Junee’s John Hunter says pensioners are going to continue their fight for a better deal from government.
The 69-year-old is the NSW/ACT Australian Aged Pensions Group coordinator and he joined other pensioners at a rally in Canberra on Tuesday to raise awareness of their concerns.
The AAP Group is also pushing ahead with the goal of eventually become a political party, he said.
Mr Hunter said he believed governments took pensioners for granted and that as a group, they were under-represented in parliament.
Three parliamentarians – senators Rachel Siewert and Tim Storer and MP Andrew Wilkie – spoke with protesters, he said.
Mr Hunter said all three politicians had given their group a sympathetic hearing and listened to their concerns about the level of pensions in this country.
“Australia is second to last against most other western countries when it comes to pensioners,” he said.
“Only 2.1 per cent of our GDP is spent on the pension.”
Representatives of other pensioner groups, including others who were in the process of forming political parties, were also at the rally.
Mr Hunter said he “lost count” of the number of people who attended the rally, but was pleased with the turnout.
The visit to Canberra had reinforced his view that pensioners and older people in Australia were undervalued, he said.
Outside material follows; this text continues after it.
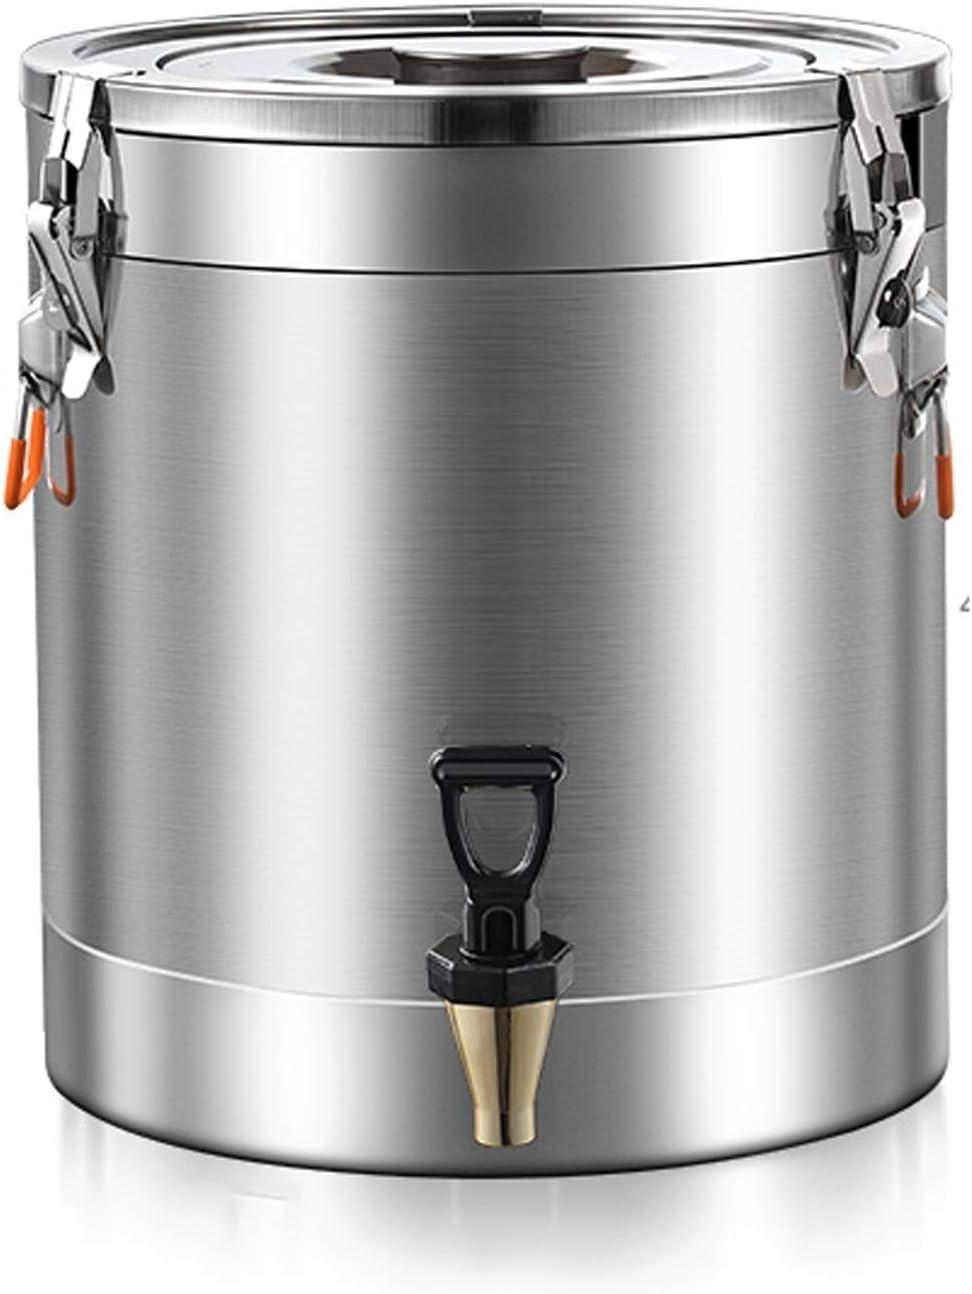 Barril de Acero Inoxidable 304 con Tapa sellada Fuerte y válvula Latas de Transporte de Leche para el Tambor de elaboración de Cerveza de Vino casero (20L - 60L) (tamaño : 60L)

“After the rally, I was walking around in Canberra and I walked past a young person, and suddenly it was like I was invisible. He just treated me like I was invisible,” Mr Hunter said.
The Junee man said he is also hoping to fight against what he decribed as “apathy” among pensioners.
“We’ve got to start telling the government that we are not going to be taken for granted,” Mr Hunter said.
After the Canberra rally, Mr Hunter said plans were now being made to stage similar events in public areas in Adelaide and Melbourne.